The TIE crack team of lawyers is all over Halbig, so I’m not going near it. (Seriously, @nicholas_bagley is making Austin and I look like amateur bloggers). But there are other things to cover, and Maggie Fox published a doozy yesterday:
Eleven out of 12 fake applications for government-subsidized health insurance got through a verification process and the bogus beneficiaries are still covered, the Government Accountability Office said Tuesday.
The GAO launched the sting to check to see how well the Obamacare process checks for counterfeit applications. The results were messy, GAO’s Seto Bagdoyan says in testimony prepared for a hearing Wednesday of the House Ways and Means oversight subcommittee.
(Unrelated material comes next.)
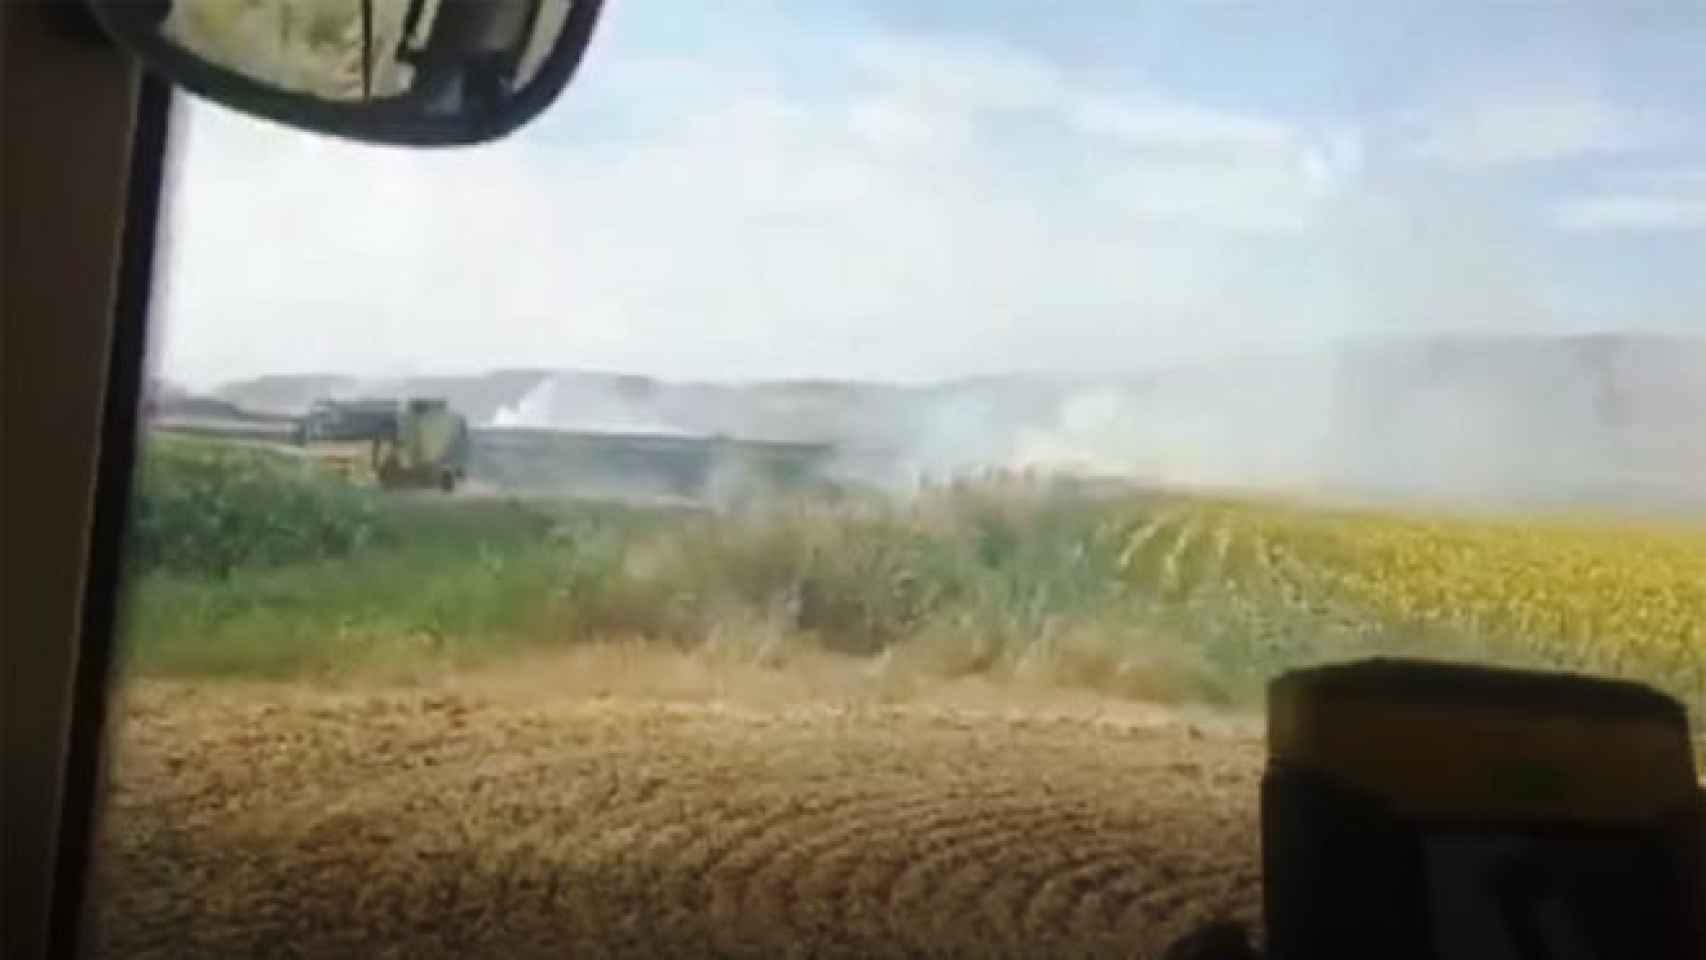 Los agricultores hicieron frente al incendio con sus propios recursos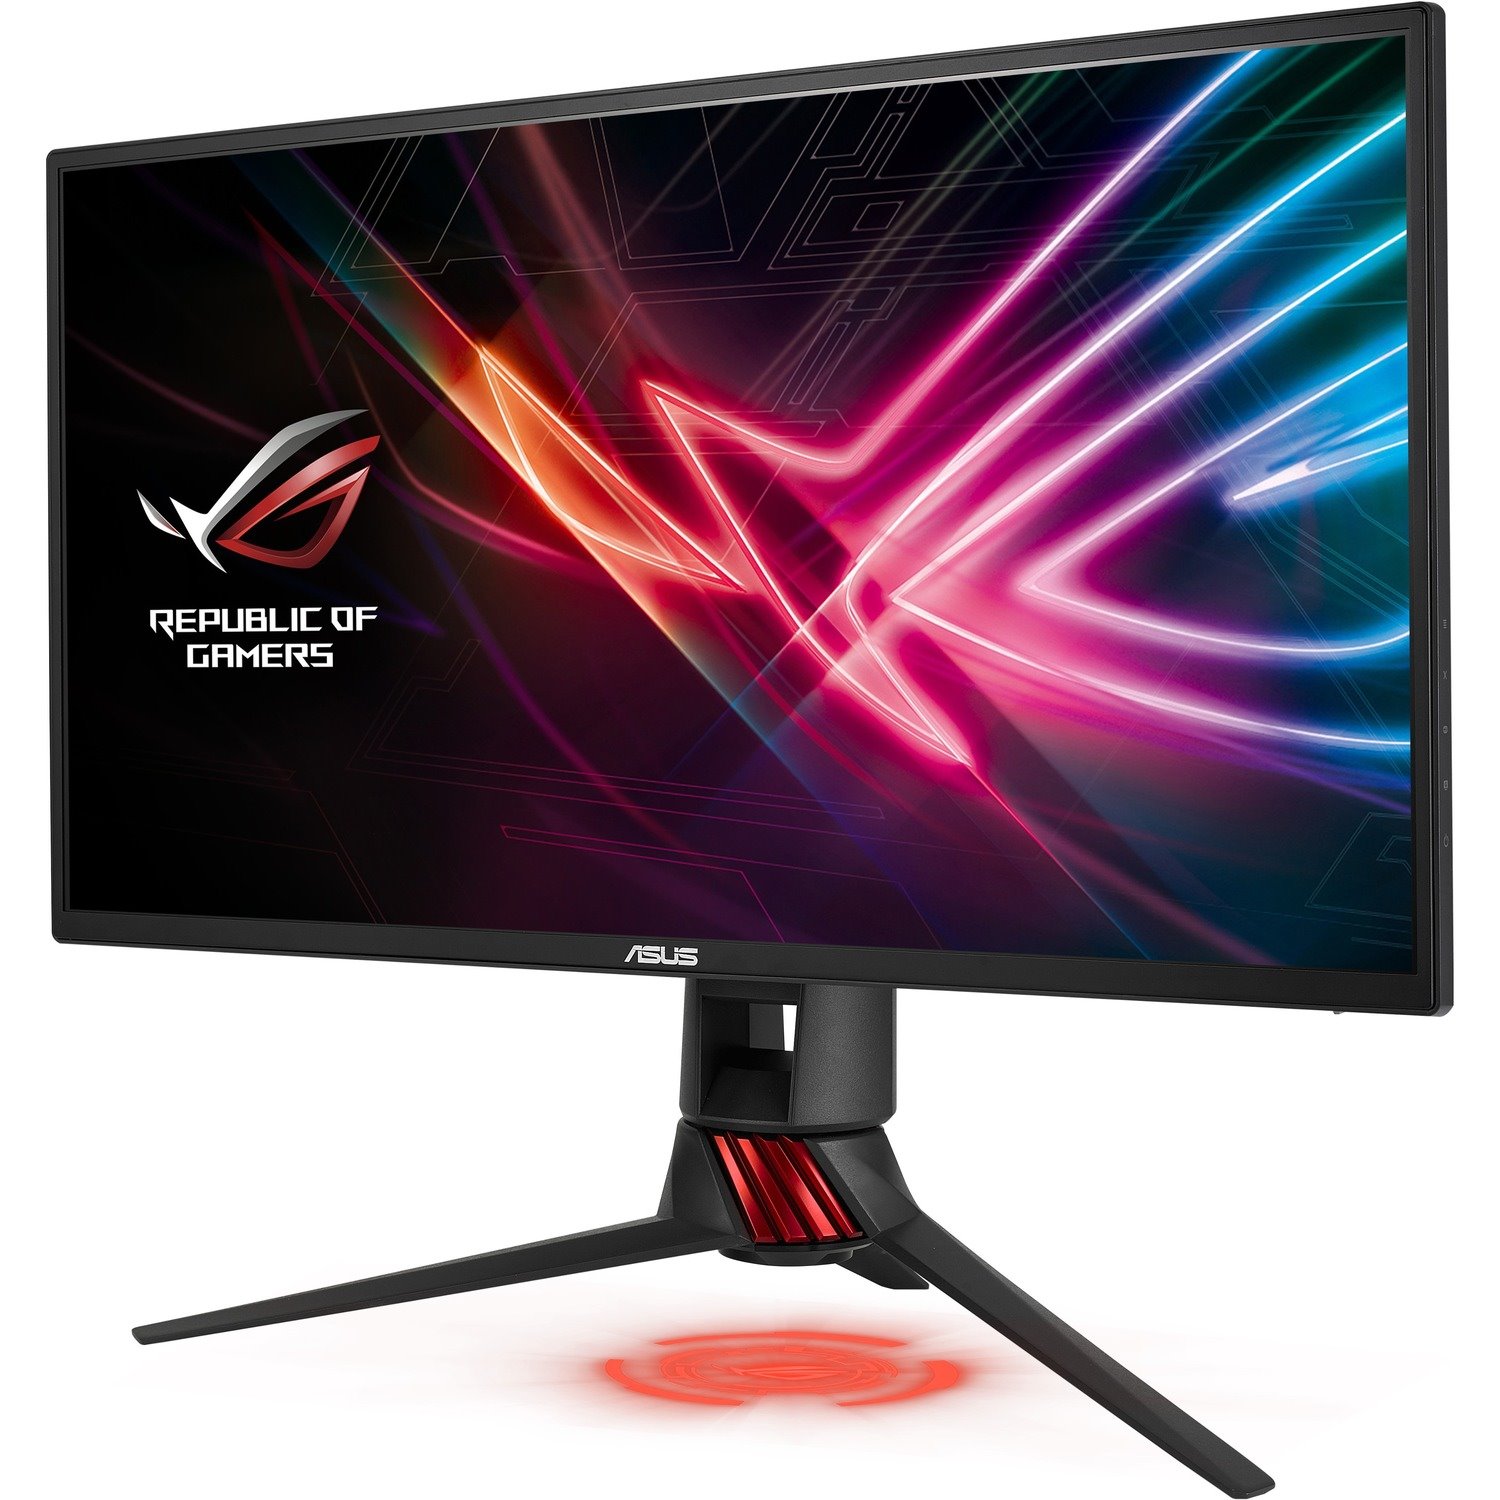 Asus ROG Strix XG258Q 62.2 cm (24.5") Full HD LED Gaming LCD Monitor - 16:9 - Red, Dark Grey

“The federal marketplace approved coverage for 11 of our 12 fictitious applicants who initially applied online, or by telephone,” Bagdoyan, who directs GAO’s Forensic Audits and Investigative Service, said in testimony obtained by NBC News.
The GAO submitted totally fake applications to Obamacare to see if they could get approved. Most of them got approved. Heck, at least half of them got subsidies.
Some partisans will jump on this as another reason to scrap the whole law, and that’s not where I’m going with this. But this lack of oversight just isn’t acceptable. The GAO should be checking this stuff, and the administration should be responding to it. Let’s see what happens.